Мать Иоанна от ангелов - страница 45
— Вы, сестра, так рады этому, как истинная христианка!
— Конечно, рада! — вскричала сестра Малгожата. — Из-за этих бесов никто уже не хотел и хромого барана пожертвовать в обитель. Да мы бы с голоду перемерли!
— Зато душеньки ваши прямо в рай вознеслись бы, — смеялся Одрын, уже успевший опорожнить несколько чарок. Он сидел, опершись на Володковича, оба друга, развалясь на скамье, хихикали и помутневшими от водки глазами щурились, как коты, на сестру Акручи. Пан Хжонщевский усмехнулся в усы, он, казалось, был очень доволен.
В горницу вошел Казюк и доложил хозяйке, что приехал из Полоцка от иезуитов Юрай и хочет оставить лошадей у них во дворе. Да овес у него весь вышел, просит лошадей покормить. Привез он отца провинциала.
— Провинциал из Полоцка приехал! — со страхом повторила пани Юзефа и оглядела присутствующих.
Но, кроме нее, никого эта весть не встревожила. Володкович и Одрын, подпирая друг друга, шептались, поглядывая на сестру Малгожату и ухмыляясь, — оба изрядно выпили. Пан Хжонщевский все порывался взять сестру за руку, она же руку отдергивала и прятала в складках платья; пан наклонился к ней и весьма учтиво вел какие-то речи, предназначенные для нее одной.
Пани Юзефа встала и пошла выдать Казюку овес для Юрая.
Провинциал действительно приехал. Все трое — ксендз Брым, провинциал и ксендз Сурин — сидели за большим столом в доме приходского ксендза. Отец Сурин за эти дни похудел, почернел; не притрагиваясь к стакану с подогретым вином, он то и дело прижимал ладони к вискам, словно хотел сдержать бурлившие в его мозгу мысли. Порой его одолевали рыдания, тогда он склонял голову на стол, рядом со стаканами и тарелками, — казалось, это лежит отрубленная голова. Ксендз Брым косился на него исподлобья и только покряхтывал.
Крыся ревела, стоя посреди горницы.
— Алексий! — закричал с отчаянием ксендз Брым. — Алексий!
Появился Алюнь, почесывая голову.
— Алексий, чего это ребенок плачет? — страдальческим тоном спросил ксендз.
— Да она уписалась, пан ксендз, — невозмутимо установил Алюнь и унес плачущую девочку на кухню, потом возвратился с тряпкой и вытер мокрое пятно.
Все это время ксендз Сурин горестно, но тихо плакал; слезы струились по его щекам и увлажняли стол.
С ужасом исследовал он свою душу. Теперь он понимал, что само посещение раввина было началом, что оно заронило в него первую каплю яда одержимости. И в самом деле, размышляя теперь о событиях первых дней, он не вспоминал никаких иных поступков или речей, казалось бы, более для него важных, только видел пред собой черную бороду цадика Ише из Заблудова, и в ушах у него звучали слова раввина, как неустанное журчанье струящегося из земли родника. Что с ним было в эти несколько дней, он не помнил, лишь смутно вспоминалось ему что-то страшное и вместе с тем невероятно тоскливое.

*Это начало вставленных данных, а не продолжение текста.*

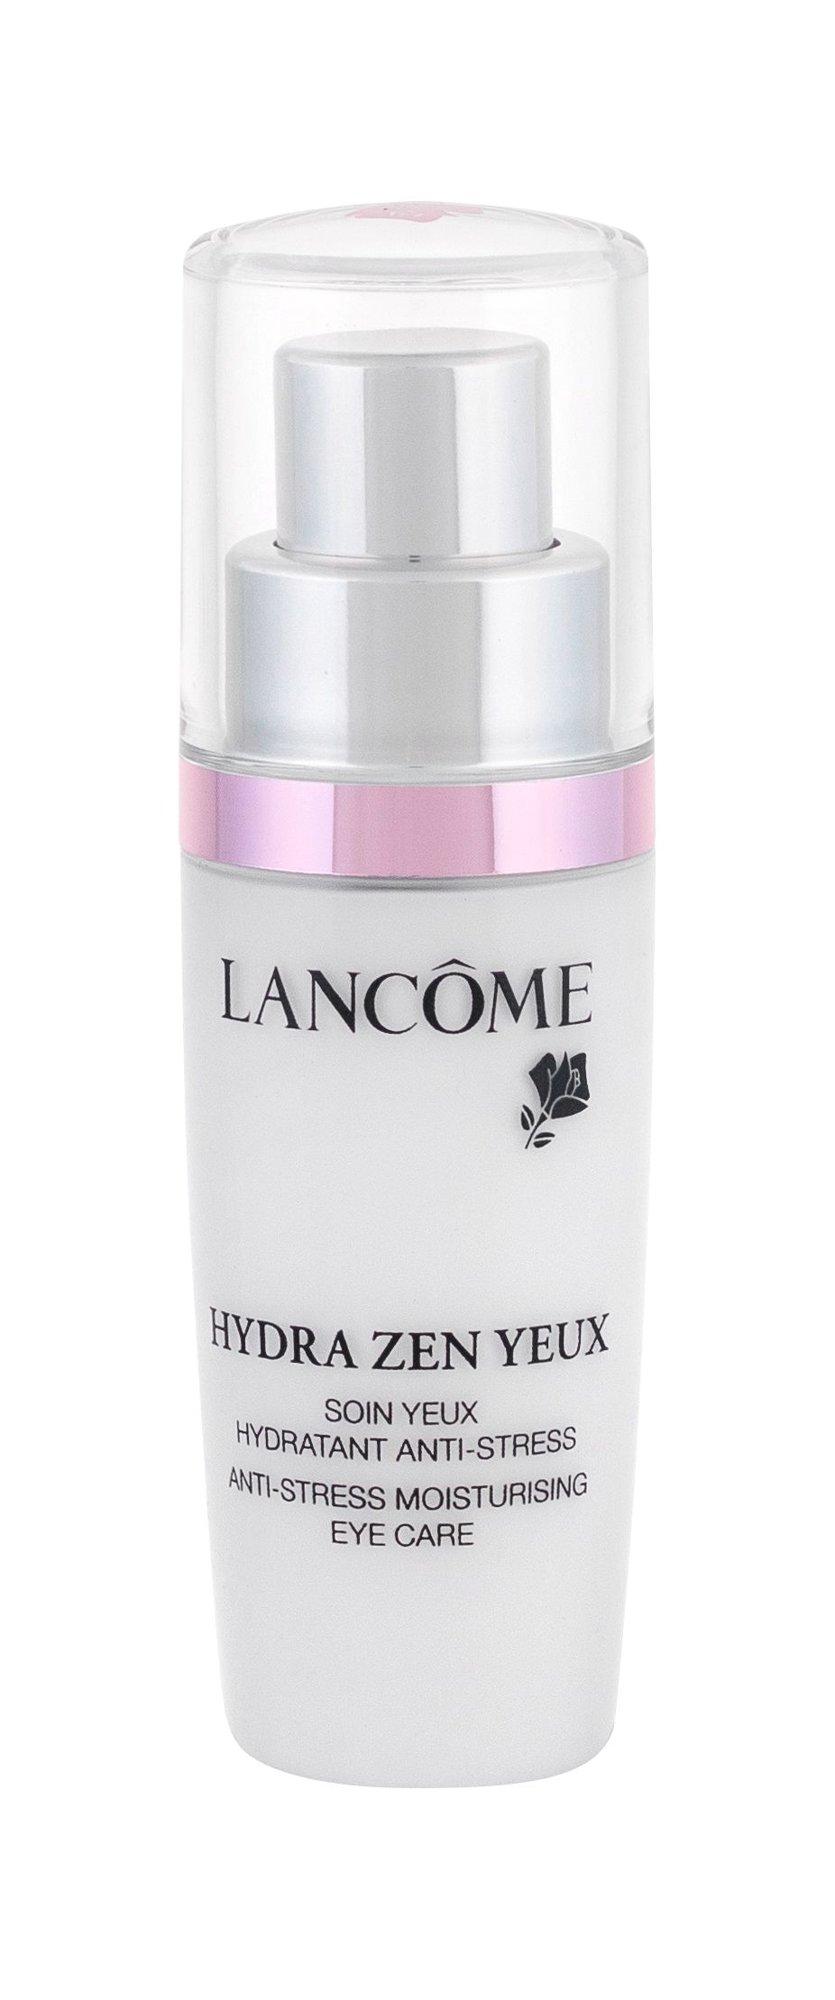 Veido kremas Lancôme Hydra Zen

И теперь, когда он пришел в себя, когда его позвали предстать перед отцом провинциалом, он смотрел на всю свою духовную жизнь как на унылые руины, как на пустынную, голую равнину, где не цветет ни один цветок. От всего, чем был он прежде, остались лишь обломки — подобно ногам статуй, торчавшим в нишах дома, где жил цадик. Обломки добродетелей, обломки молитв, черные бездны вместо мыслей и опрокинутые подсвечники вместо светочей. Осталась лишь неизбывная дума о матери Иоанне, постоянно присутствовавшей в его воспоминаниях.
Он припоминал, что сперва бесы терзали его тело — он бился головой о стены, катался по полу, и телесная эта пытка вскоре повергла его в изнеможение. Затем они принялись за его дух и странным образом исказили его добродетели: и вера и любовь все еще пребывали в нем, как и прежде, однако изменилась как бы их субстанция, будто моль подточила их, и стали они какими-то податливыми. Безумный страх владел им — не прикоснуться бы ненароком к этим добродетелям, ибо они могут тут же рассыпаться; поэтому он лишь глядел на них, зная, что они в нем есть, но их не чувствовал. Мукой была сама мысль о них и возможность утратить их в любую минуту. А добродетели мелкие, вроде душевного спокойствия, терпения, кротости, умерщвления плоти, вызывали у него глумливый смех — настолько казались никчемными и ни от чего не защищающими. Катастрофа, постигшая в нем любовь, словно похоронила их все навек.